向こうで喜びの舞を踊っている2人を見て、伏黒が唖然としている。

最早、突っ込みしようがないのだろう。

 

すると、凛花は伏黒の方を見て、

 

「恵君には、こっちね」

 

そう言って、凛花が伏黒に渡したのは、別の紙袋に入ったものだった。

それを見て伏黒がぱっと、少しだけ顔を赤らめた。

 

「あ、ありがとうございます。凄く嬉しいです、凛花さん」

 

まさか、虎杖や釘崎とは別の物を貰えるとは思わなかったのだろう。

凛花の予想外のプレゼントに、伏黒が少し照れた様に顔を綻ばせた。

 

と、その時だった。

 

「で、僕の分は?」

 

突然、背後から聞こえた声に、凛花がびくっとする。

恐る恐る振り返ると、そこには満面の笑みを浮かべた、五条がいた。

 

「えっと……」

 

まさかの、五条の登場に凛花が思わず後退りそうになるが――そのまま伸びてきた五条の手に、捕まってしまう。

 

「あの……離していただきたく……」

 

凛花がそう訴えるが、五条はにっこりと微笑んだまま、

 

「凛花ちゃん、僕には?」

 

「え……あの……それは……」

 

言い辛そうに凛花が視線を逸らすと、五条が満面の笑みで、後ろからそっと凛花の顎にそっと手を添えると、自分の方へ向かせる。

そして、そのまま耳元で囁く様に、

 

「まさか、僕のが無いとか……言わないよね?」

 

「……っ、さと、る、さ……」

 

「それとも――」

 

不意に、五条が凛花の顎をそのままぐいっと引き寄せたかと思うと――。

 

「代わりに、凛花を貰おうかな」

 

そのままその唇を奪ったのだ。

 

「……っ、さと……ぁ……っ」

 

まさかの、突然の五条からの口付けに、凛花がぴくんっと肩を震わせた。

驚いたのは、周りにいた虎杖達だった。

 

2人の関係は知ってはいたが、目の前で口付けを繰り広げられるとは思わず……。

思わず、口をあんぐり開けて凝視してしまう。

 

伏黒はと言うと、不愉快そうに眉を寄せていたのは言うまでもなく……。

だが、そんな伏黒を煽る様に五条は凛花を更に抱き寄せて、深く口付けた。

 

「ん……っ、ま、待っ……、皆が、み、て……っ」

 

凛花が、必死に抵抗しようとするが、身体に力が入らないのか、ぎゅっと堪らず五条の上着を掴んだ。

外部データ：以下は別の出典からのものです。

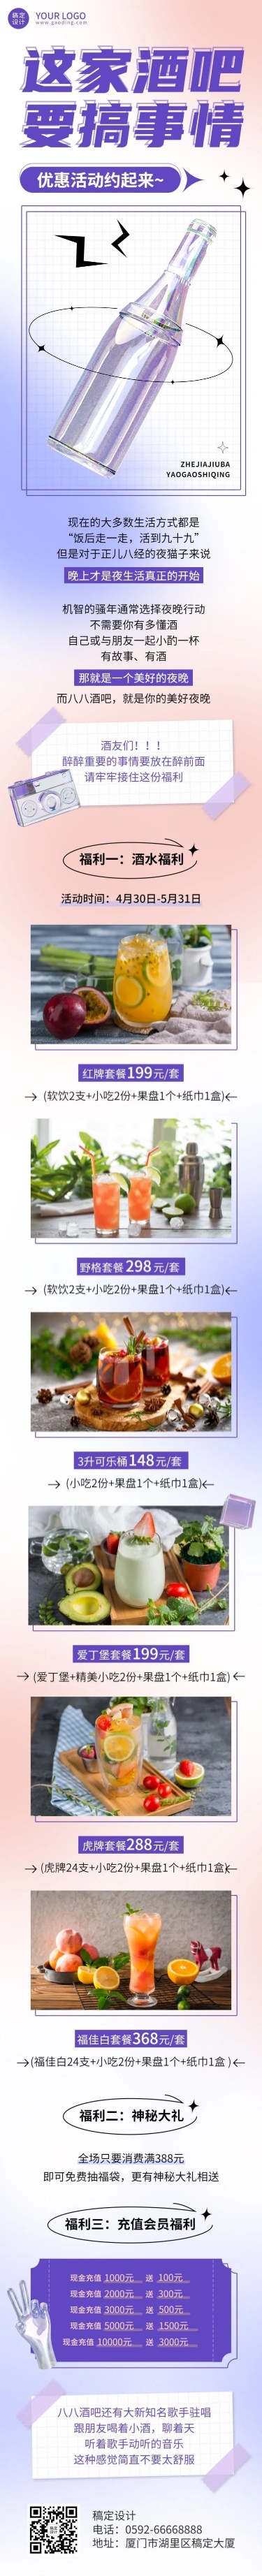 餐饮酒吧营销优惠活动文章长图

すると、気分を良くした五条は更に凛花の腰を掻き抱くと、そのままぐっと彼女の顔を更に引き寄せ――。

 

「ほら、凛花。もっと口開けて」

 

「え……?」

 

意味が分からず、凛花がその深紅の瞳を開けて五条を見つめると、次の瞬間、五条の舌が凛花の口内に侵入してきたのだ。

その感触に、凛花が驚いたのは言うまでもなく……。

 

「んっ……、ふ、ぁ……っ、さと、る、さ……っ。ぁ……ンっ」

 

思わず抵抗しようと凛花が藻掻こうとするが、そんな抵抗など物ともせず、ぬるりとした感触が自分の舌を搦め捕るとそのまま吸い上げられた。

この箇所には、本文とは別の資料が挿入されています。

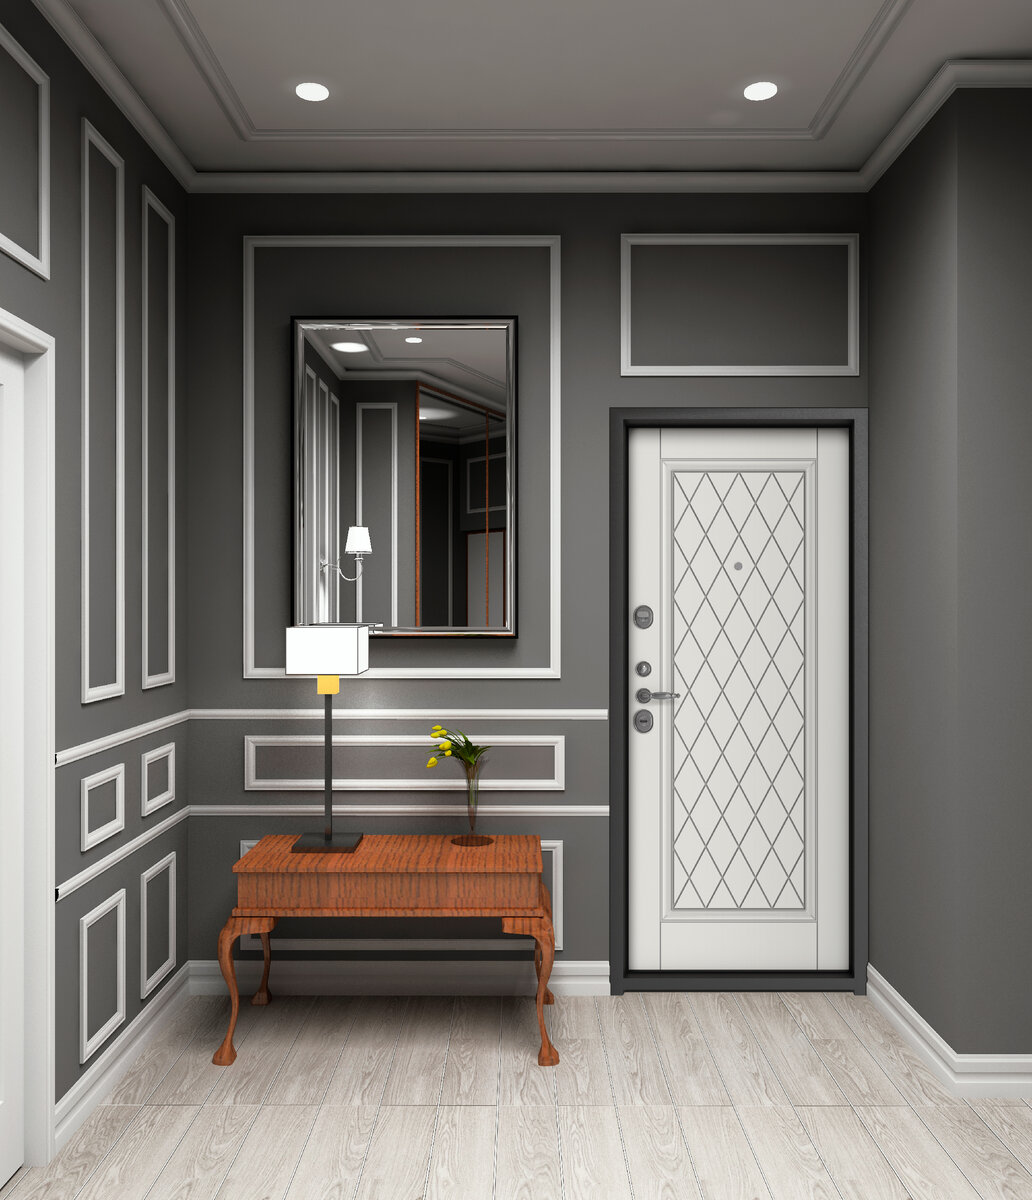 Двери в английском стиле в интерьере. 5 вариантов дизайна, где они на своём месте идеи для дома,интерьер и дизайн

ちゅっと音を立てて吸われたかと思うと、そのまま舌を舐められて……。

 

最後に甘噛みされると、まるで電流が走った様な感覚に身体がぞくっと震えたのが分かった。

そんな凛花の反応に気を良くしたのか、そのまま五条の舌は凛花の口内を蹂躙する様に動き回り、歯列をなぞって上顎を舐め上げれば、更に凛花の身体に震えが走る。

 

最初は抵抗していたものの、段々と抵抗する力も失ってしまったのか、がくっと力が抜けるのが分かった。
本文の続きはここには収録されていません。